My biggest project there ended up being migrating these workflows to a second path where we could do the data engineering with DuckDB. That got me even more interested in working more on DuckDB.

Research-wise, I was looking into foreign key detection—how can we identify which columns in tables have foreign key references in the database? LLMs turned out to be really useful for that. The second step was realizing that LLMs are actually really good at translating text to SQL. Surprisingly good at that time, though still far away from being super useful in practice. But that’s how my journey at MotherDuck started.

MotherDuck is a data warehouse for analytics based on DuckDB. We run DuckDB instances in the cloud, and users use those instances to process their queries. It’s integrated pretty nicely with the local DuckDB client.

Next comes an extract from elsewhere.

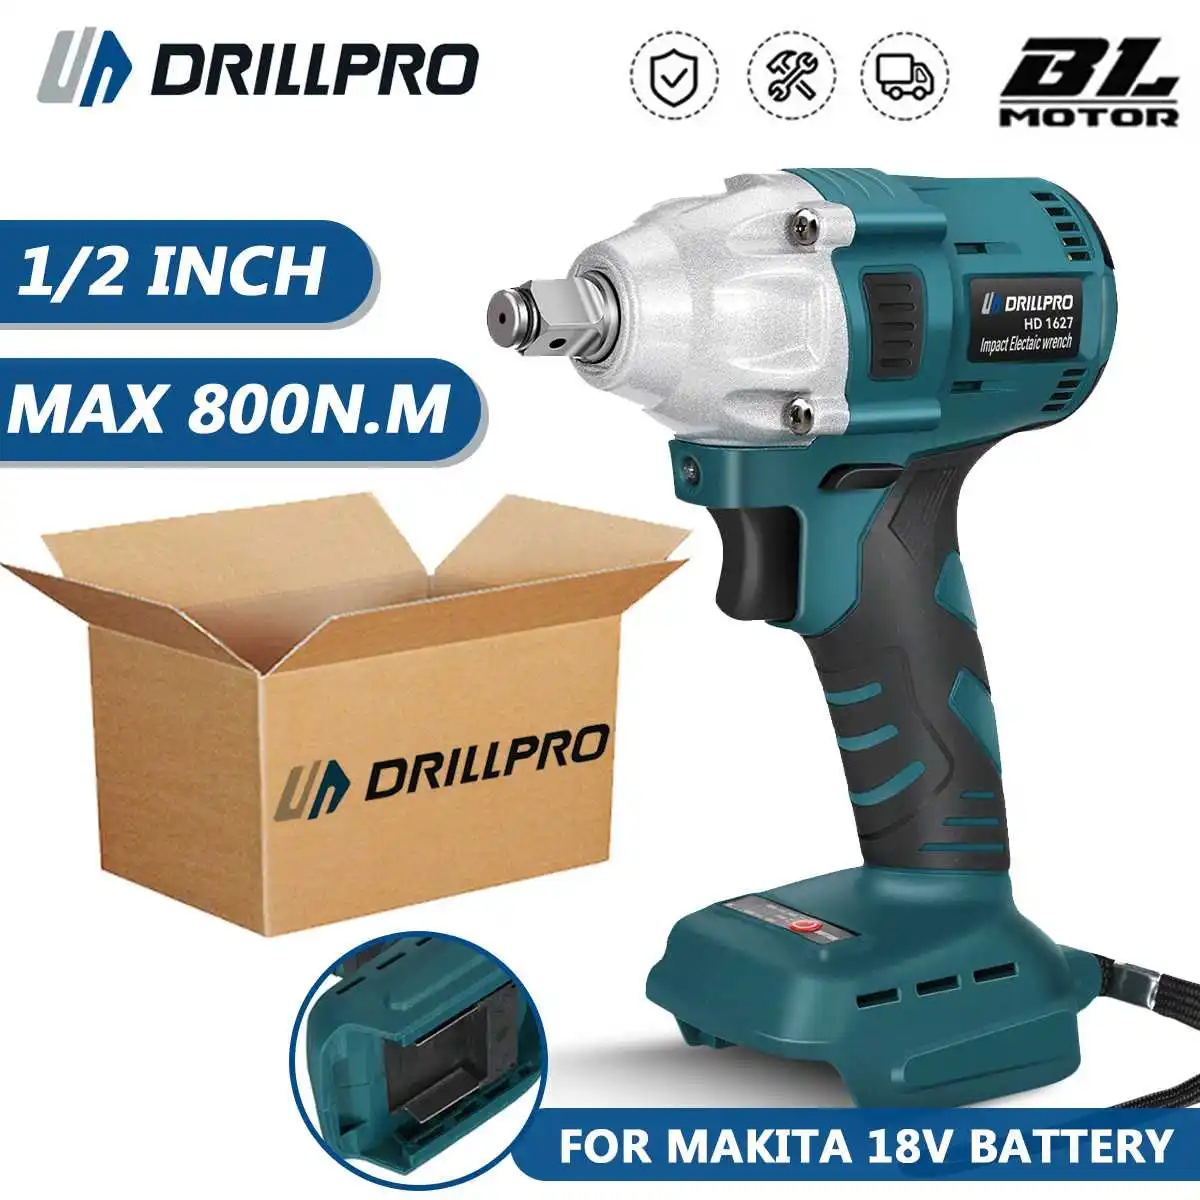 

Drillpro 800N.M Brushless Impact Electric Wrench Cordless 2700RPM 3000W 1/2 inch Power Repair Tools For Makita 18V Battery New

People typically use DuckDB or Polars to process data locally very efficiently—you can process tens or even hundreds of gigabytes on your local machine.

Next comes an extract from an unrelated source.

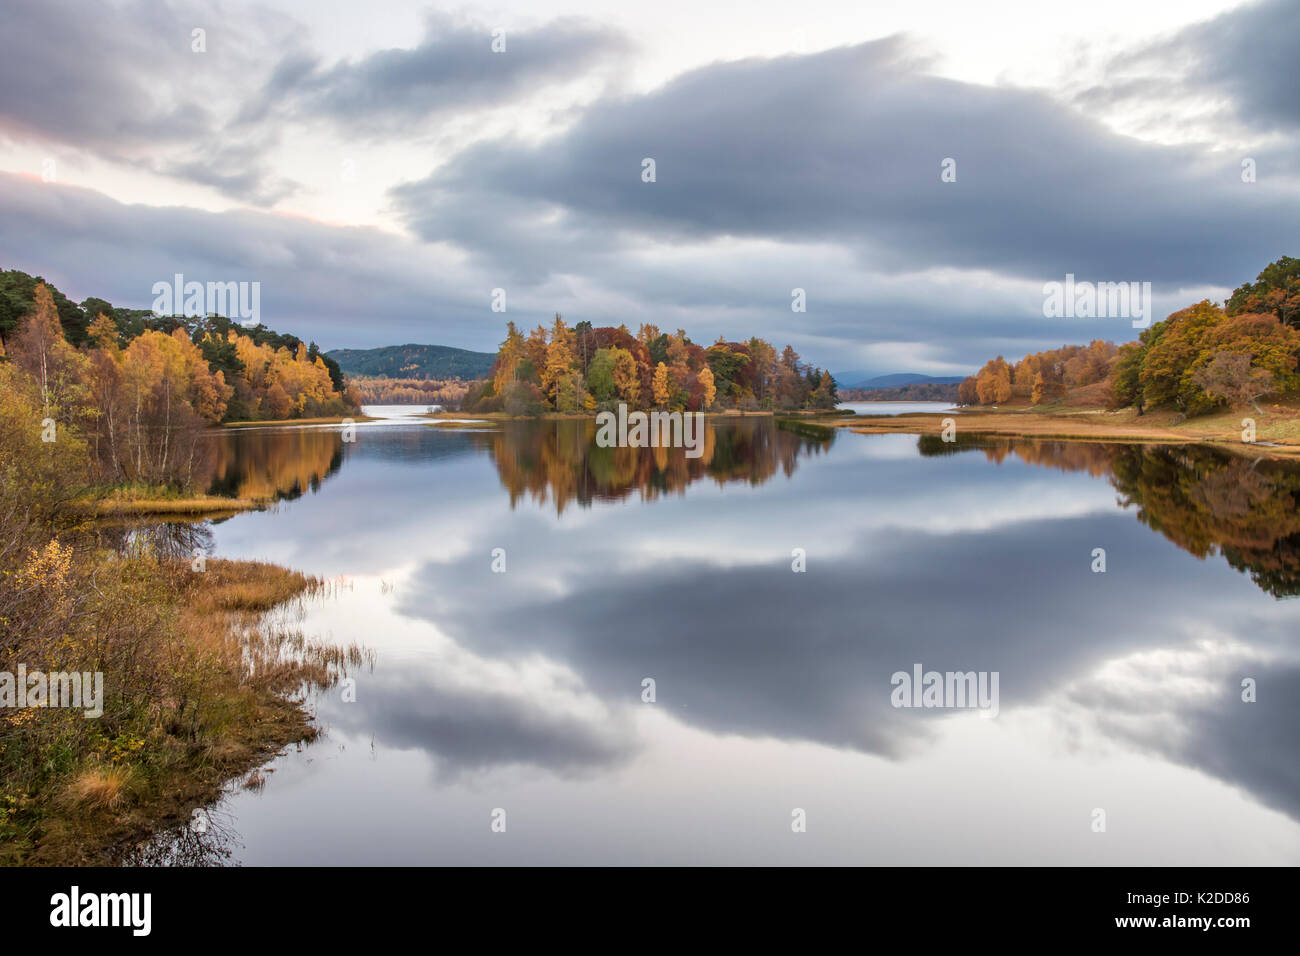 Autumn colours and stormy clouds reflected in the calm waters of Loch Insh, Cairngorms National Park, Scotland, UK, November 2015. Stock Photo

When the dataset gets really big, or when you’re processing data stored in the cloud—say you want to analyze a hundred gigabytes or a terabyte of partitioned data, or Iceberg tables—the processing power of the local machine isn’t optimal anymore. We provide a very simple way to connect your local DuckDB client to the instances we host and expand the processing capabilities seamlessly. You can keep writing the same queries, but the processing happens on the server side when needed.

The other benefits are data sharing. DuckDB is usually single-player mode—you have a local database file or just data in memory. With MotherDuck, you can work more within teams. You can share data between users, have a shared workspace. You also have a web UI where you can query DuckDB—in that case, DuckDB runs in the browser with WebAssembly.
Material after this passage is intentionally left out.